Saturday, January 24, 2015

Compilers and costs of abstraction

Experimenting recently with embedded development I wondered how much abstraction comparable to virtual function table would cost. So I quickly wrote a small test app to check this:

#ifdef __AVR__
#include <avr/io.h>
void led_on() { PORTB |= 0x04; }
void led_off() { PORTB &= (unsigned char)~0x04; }
#else // __AVR__
#include <mcs51/8051.h>
void led_on() { P0 |= 0x04; }
void led_off() { P0 &= (unsigned char)~0x04; }
#endif // __AVR__

typedef void (*func_t)(void);
const func_t a = led_on;
const func_t b = led_off;

void main()
{
    while(1)
    {
        a();
        b();
    }
}

Compiling it with SDCC 3.4.0 for 8051 target and checking asm output I've got exactly what I expected - explicit reads from code segment and indirect calls. Compared to simple port bit manipulation this looks pretty overcomplicated:

_led_on:
        orl     _P0,#0x04
        ret
_led_off:
        anl     _P0,#0xFB
        ret
_main:
00102$:
        mov     dptr,#_a
        clr     a
        movc    a,@a+dptr
        mov     r0,a
        mov     a,#0x01
        movc    a,@a+dptr
        mov     dph,a
        mov     dpl,r0
        lcall   __sdcc_call_dptr
        mov     dptr,#_b
        clr     a
        movc    a,@a+dptr
        mov     r0,a
        mov     a,#0x01
        movc    a,@a+dptr
        mov     dph,a
        mov     dpl,r0
        lcall   __sdcc_call_dptr
        sjmp    00102$

Now, it's GCC time.

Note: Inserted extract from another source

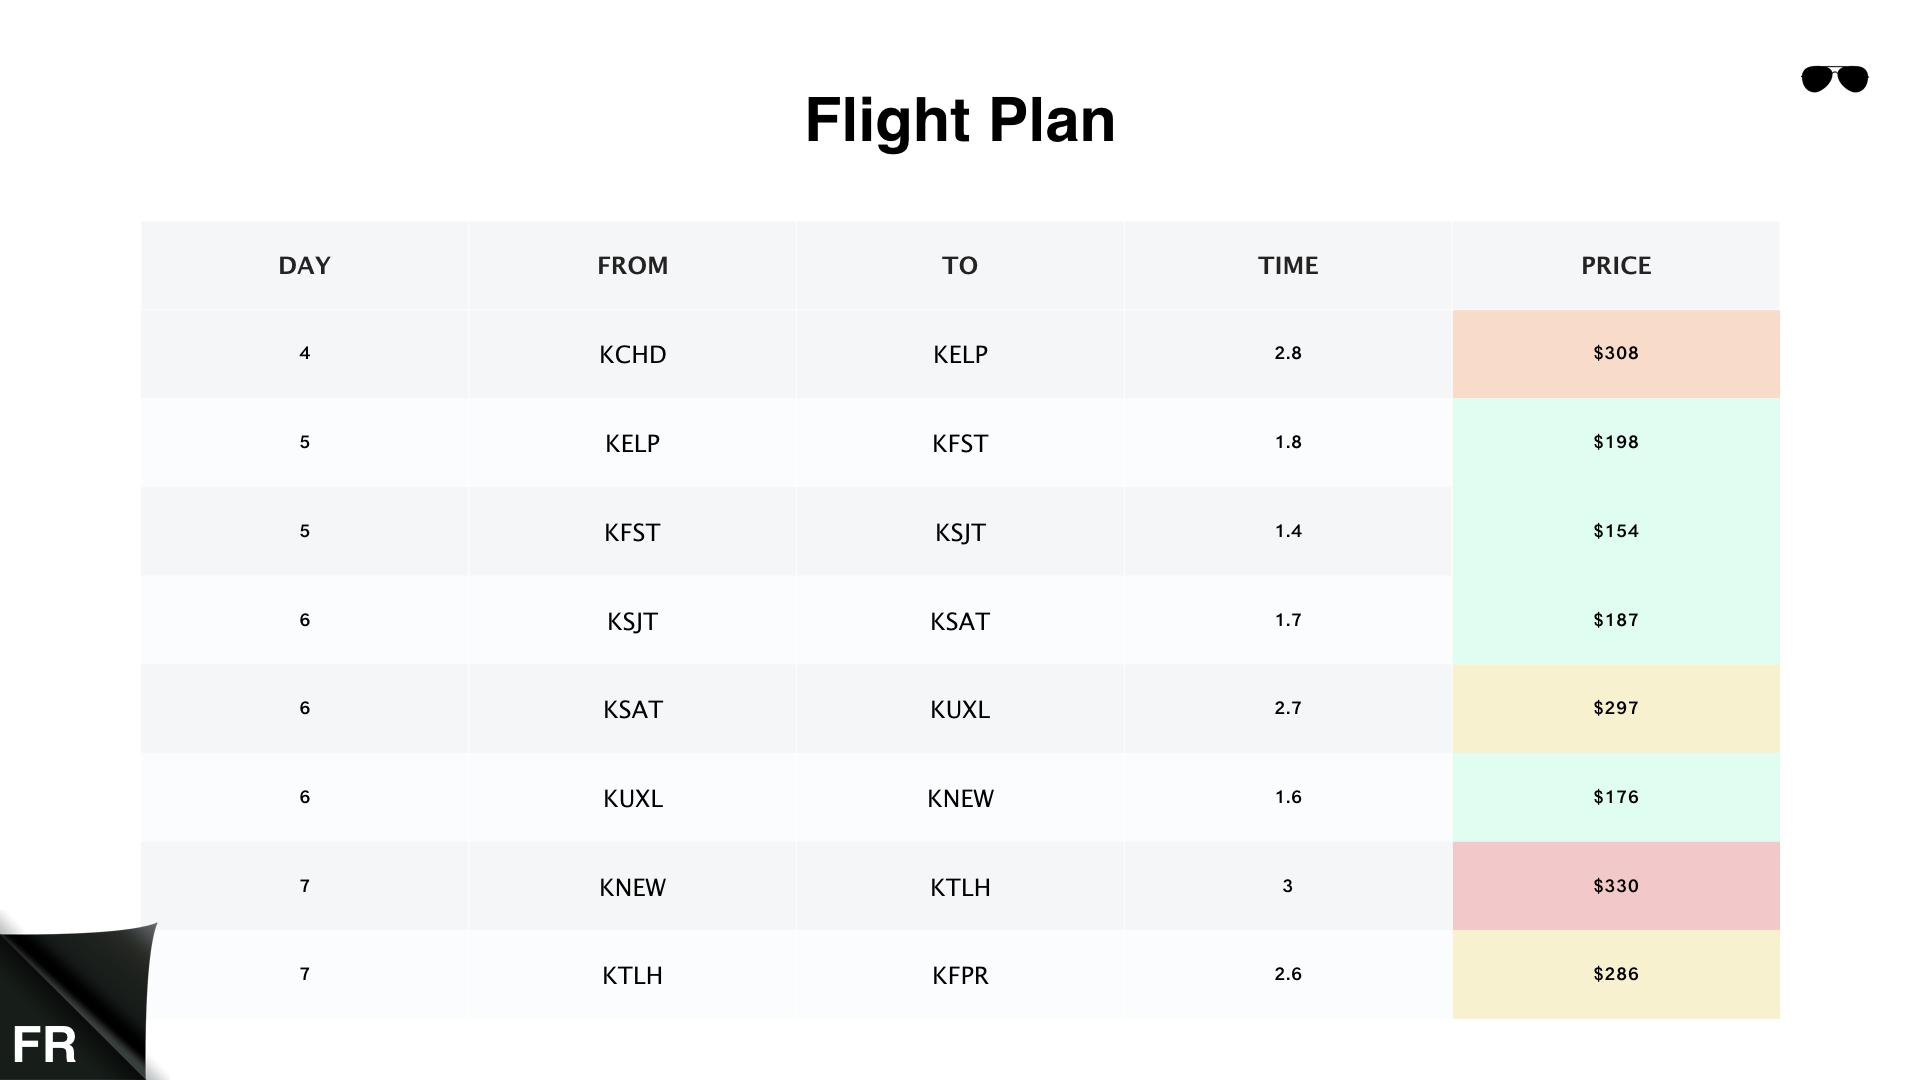 קורס טיס אזרחי תכנית טיסה חזור

Compiling source with "avr-gcc -mmcu=atmega328 -O2 -flto main.c" gives the following output:

00000080 <main>:
  80: 2a 9a       sbi 0x05, 2 ; 5
  82: 2a 98       cbi 0x05, 2 ; 5
  84: fd cf       rjmp .-6       ; 0x80 <main>

Uhm, applause to GCC developers :) Compiler is smart enough to see that function pointers are constant in this case, so it can call functions directly. And since functions are really tiny it decides to inline them. 

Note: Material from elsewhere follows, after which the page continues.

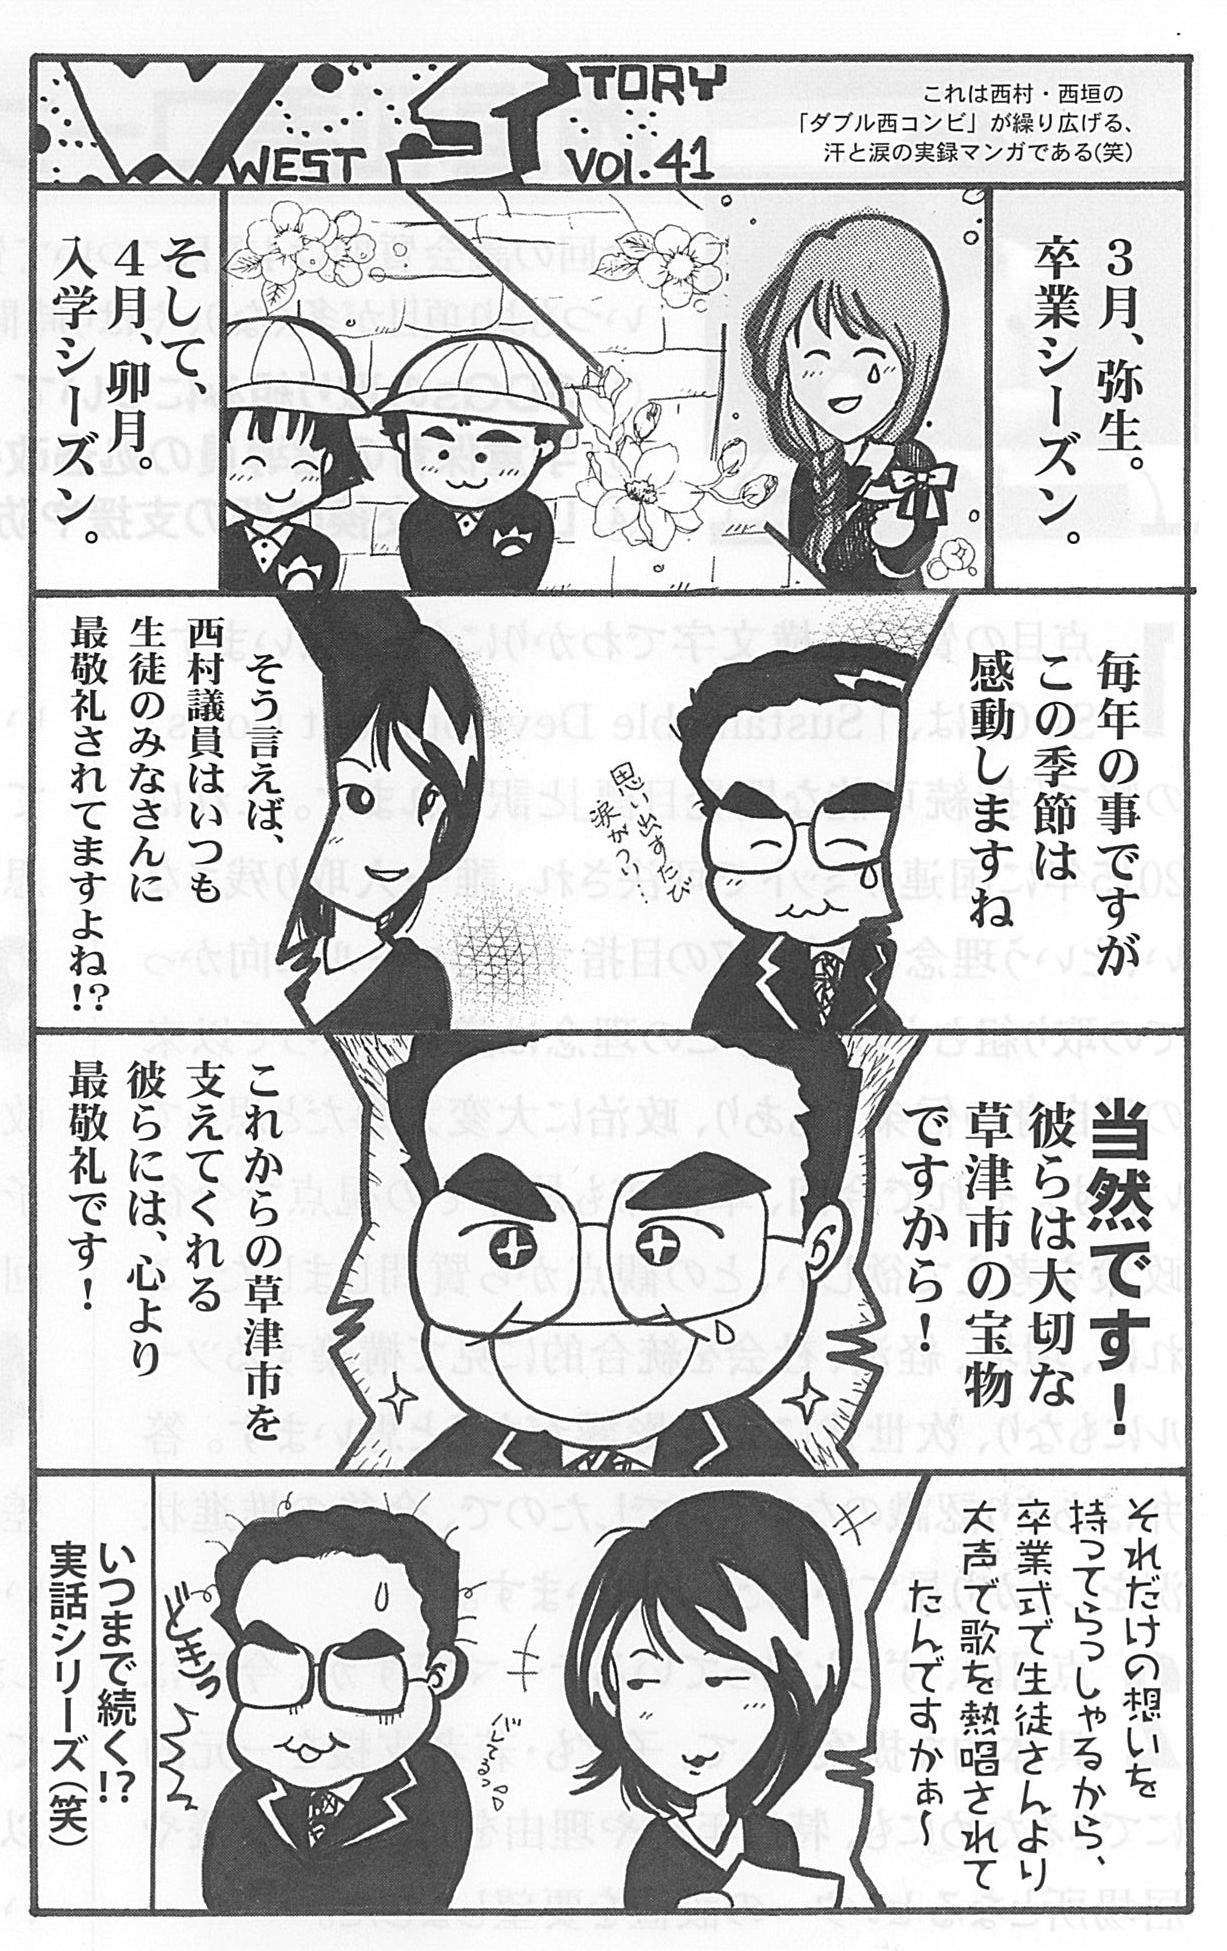 jitsuroku_vol41.jpg

Conclusion? If you have smart enough compiler then constant function pointer tables are just as efficient as calling functions directly, with possible automatic inlining. And if you really need dynamic polymorphism you don't need to rewrite anything - just use non-constant pointers.

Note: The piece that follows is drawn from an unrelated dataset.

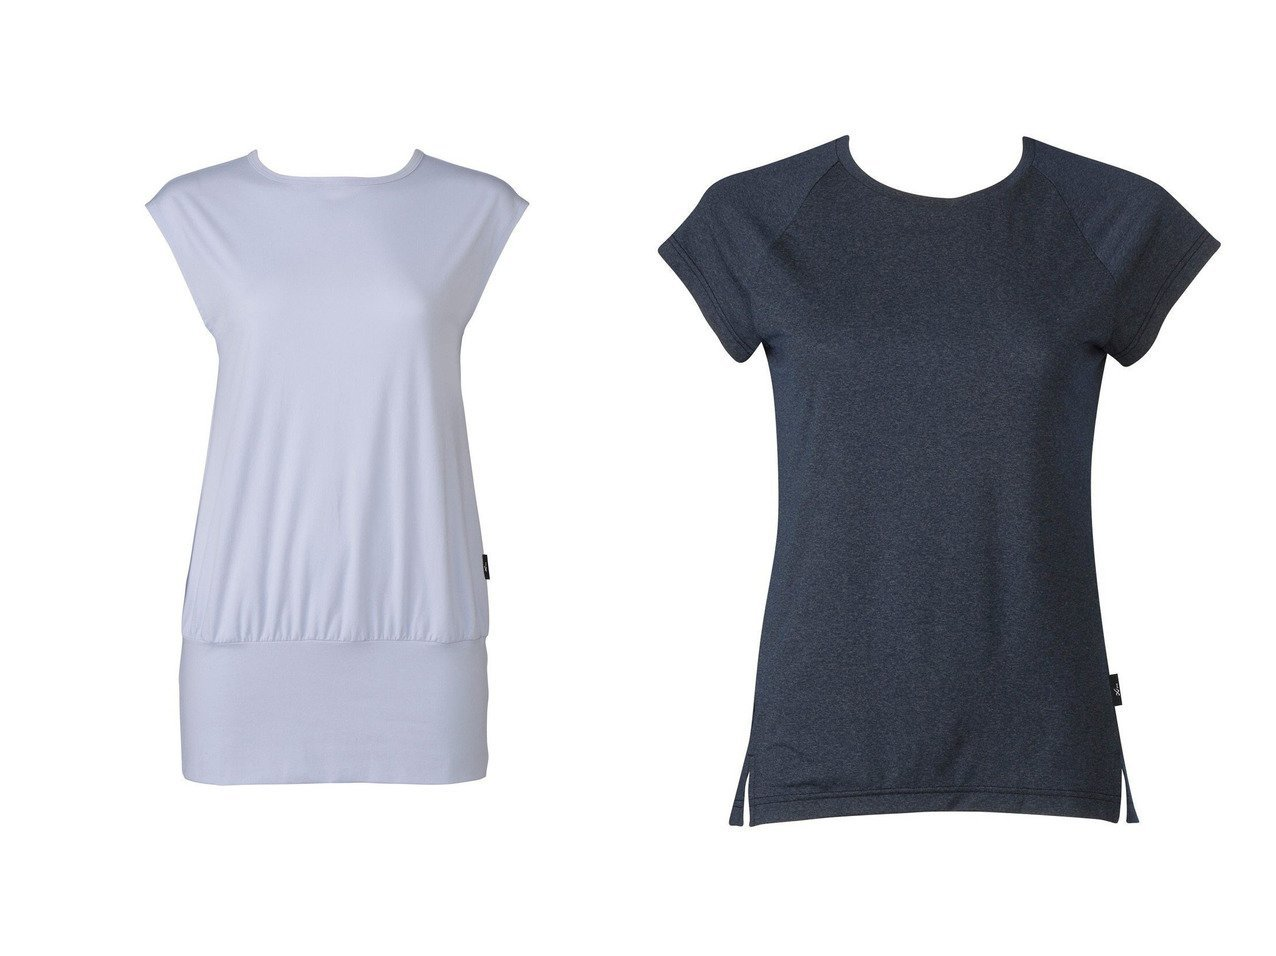 【CW-X/シーダブリューエックス】の【WOMEN】PRIME FLEX ロングTシャツ レディースワコール&【WOMEN】PRIME FLEX Tシャツ 半袖 レディースワコール スポーツウェア・ヨガ・運動・ダイエットグッズなどのおすすめ!人気トレンド・ファッション通販 おすすめで人気の流行・トレンド、ファッションの通販商品 インテリア・家具・メンズファッション・キッズファッション・レディースファッション・服の通販 founy(ファニー) https://founy.com/ ファッション Fashion レディースファッション WOMEN トップス・カットソー Tops/Tshirt シャツ/ブラウス Shirts/Blouses ロング / Tシャツ T-Shirts 送料無料 Free Shipping ストレッチ スリット ロング 再入荷 Restock/Back in Stock/Re Arrival 半袖 |ID:crp329100000041139

And, surely - GCC rocks :)

Sunday, January 4, 2009

SH light pre-pass renderer?

I really like idea of light pre-pass approach (credits to Wolfgang Engel here), but there is still one drawback - it's difficult to implement significantly different shading models.

Recently I was playing with SH-based lighting, and suddenly one idea has struck me :) It is theoretically possible to accumulate irradiance into SH in screen space using only depth-buffer, then render scene with this information. Of course, implementing this straightforward is just sick, as it would require at least 4x3 channels per pixel for linear SH only, not to mention quadratic SH needing 9x3 channels per pixel. On the other hand, there are some optimizations possible. A few that immediately come to mind:

1) Store color for 0-th band only, this will drastically reduce space needed to 3+3 or 3+8 channels, and there is some hope that subjective quality won't be too bad since human eye is much more sensitive to intensity than to color

2) If we forget about shadows for a while, irradiance is quite a low frequency function, so it might be possible to store it at lower resolution, and still get nice per-pixel bump-mapped details. That way framebuffer memory requirements could be lowered by a factor of 4x-16x or even more. This can be used to increase SH order or to store more color information. Another possibility is to store irradiance for different depths so that we can handle transparency in the same rendering path.

3) Considering shadows - this needs experimentation, but I still believe that it would be sufficient to have 1 irradiance sample per 2x2 pixel block for a good quality, or 4x4 block for average quality. Furthermore, shadow filtering becomes much cheaper since we are already working at lower resolutions.

I'm considering trying to implement this in near future, unless people at gamedev.net forums tell this is way too mad :)

P.S. One more thought - using second very low resolution screen space ambient irradiance map (something like 8x6, maybe 2 or 4 layers) it might be possible to regenerate it in real time, achieving realtime global illumination :)

Wednesday, July 23, 2008

First post

Well, that's it. I'm working as a graphics programmer in a small company, and currently I'm starting a major rework of hastily written graphics engine to improve quality, features and speed. The purpose of this blog is to share ideas and experimentation results I come up with. Another goal is to improve my written technical english skill, since I believe that ability to clearly express ideas in different languages (my native is russian) should help thinking in more ways, and as a neat side effect - widen job opportunities "just in case".